→ Work task: Write back every line of the listing exactly, excluding images.

→ Information supplied:
- - -
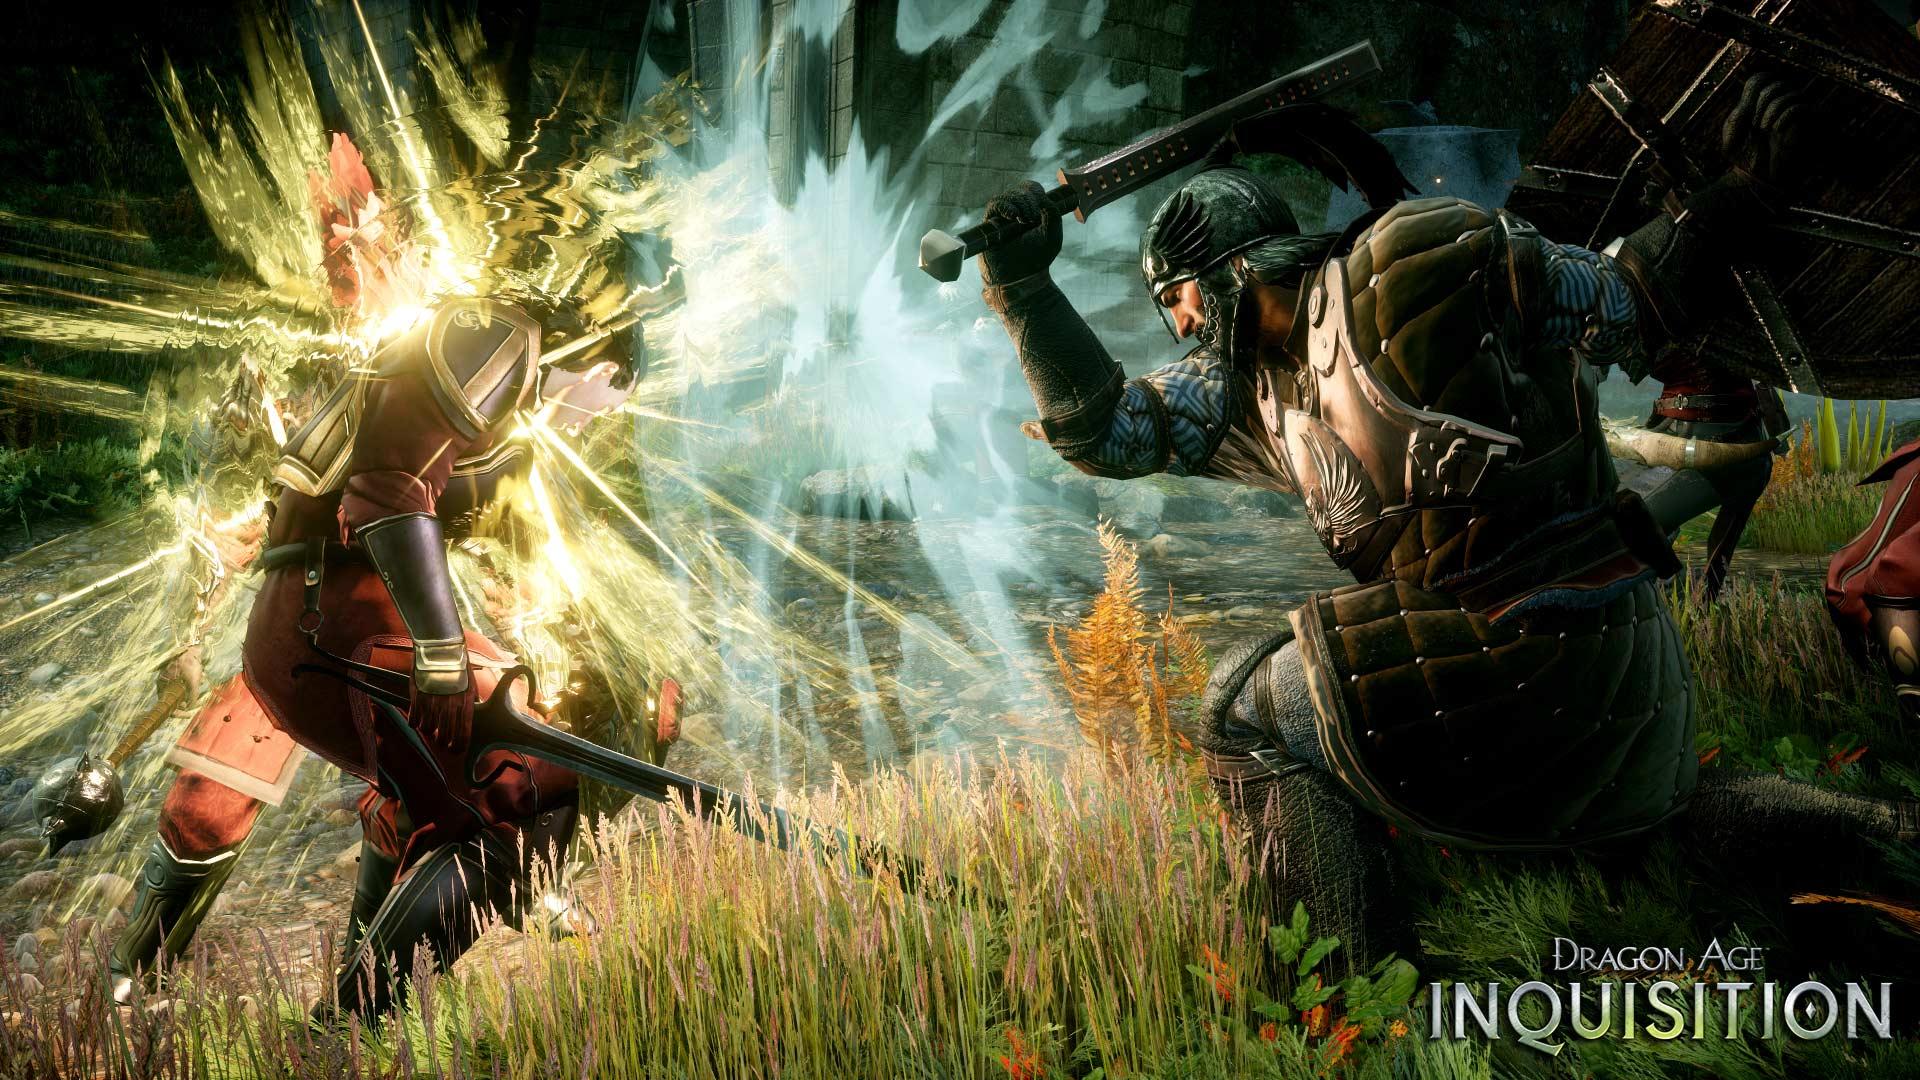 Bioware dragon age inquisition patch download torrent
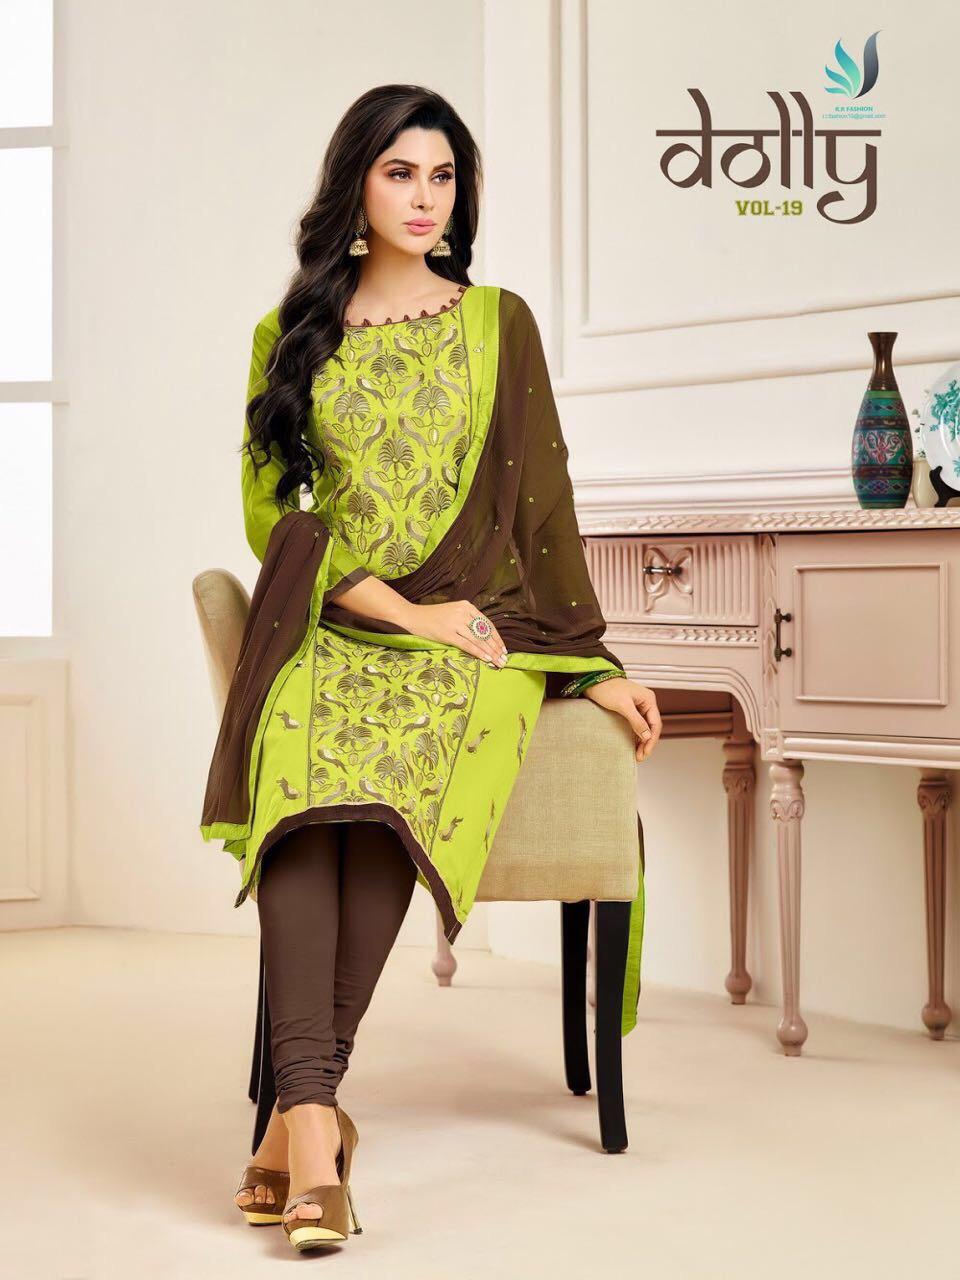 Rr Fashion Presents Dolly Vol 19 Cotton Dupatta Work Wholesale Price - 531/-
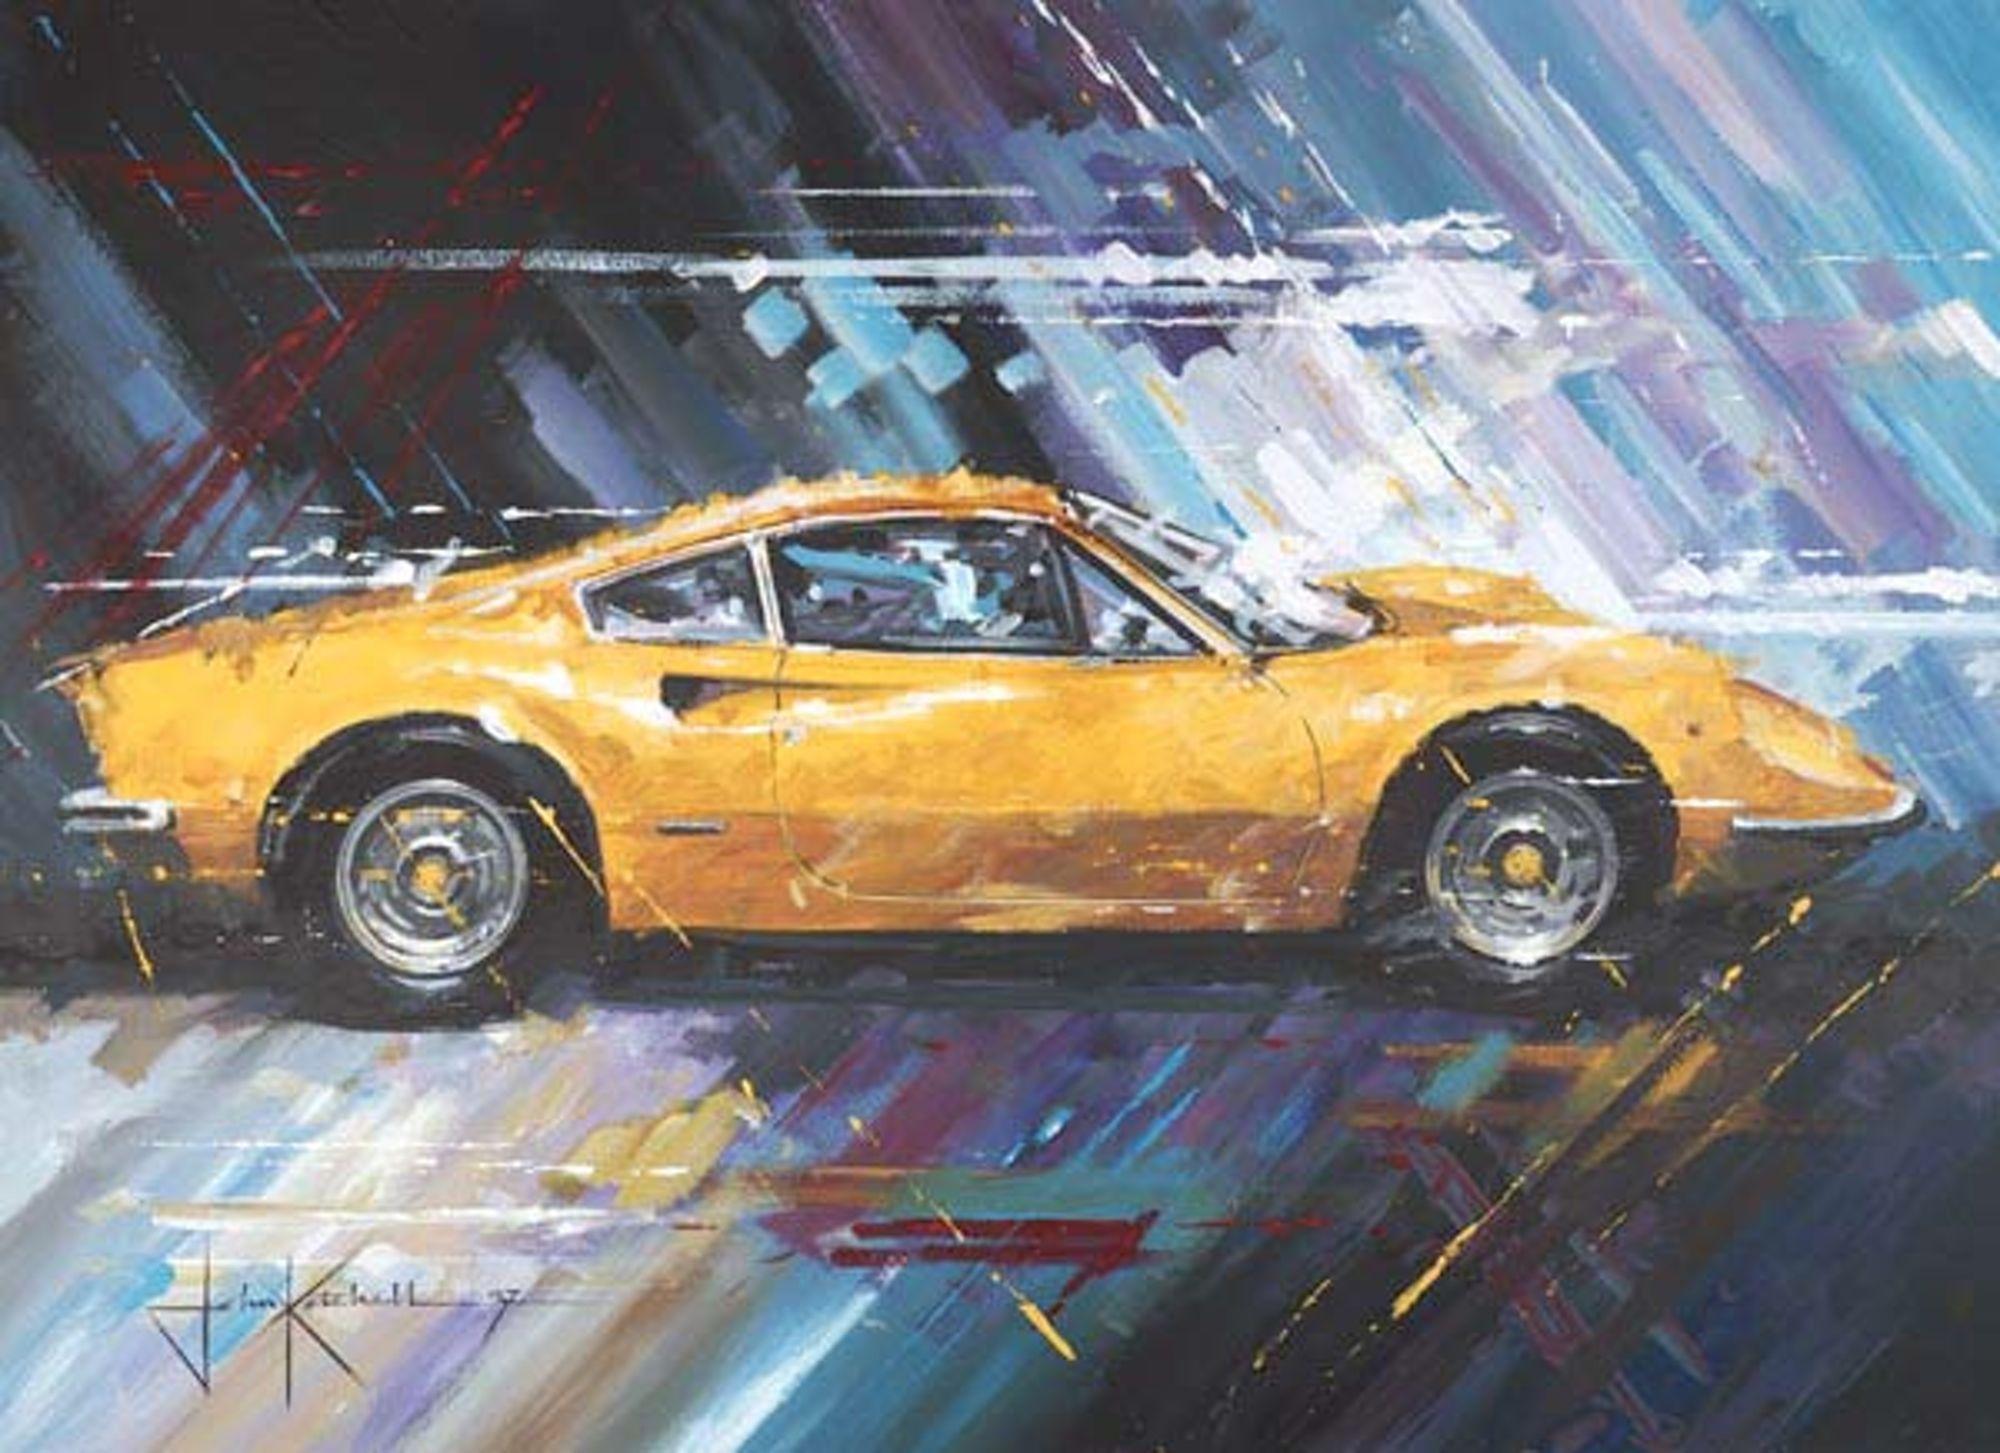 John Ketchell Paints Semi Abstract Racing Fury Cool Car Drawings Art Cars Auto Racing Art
- - -
→ Response to this task:
 Bioware dragon age inquisition patch download torrent
 Rr Fashion Presents Dolly Vol 19 Cotton Dupatta Work Wholesale Price - 531/-
 John Ketchell Paints Semi Abstract Racing Fury Cool Car Drawings Art Cars Auto Racing Art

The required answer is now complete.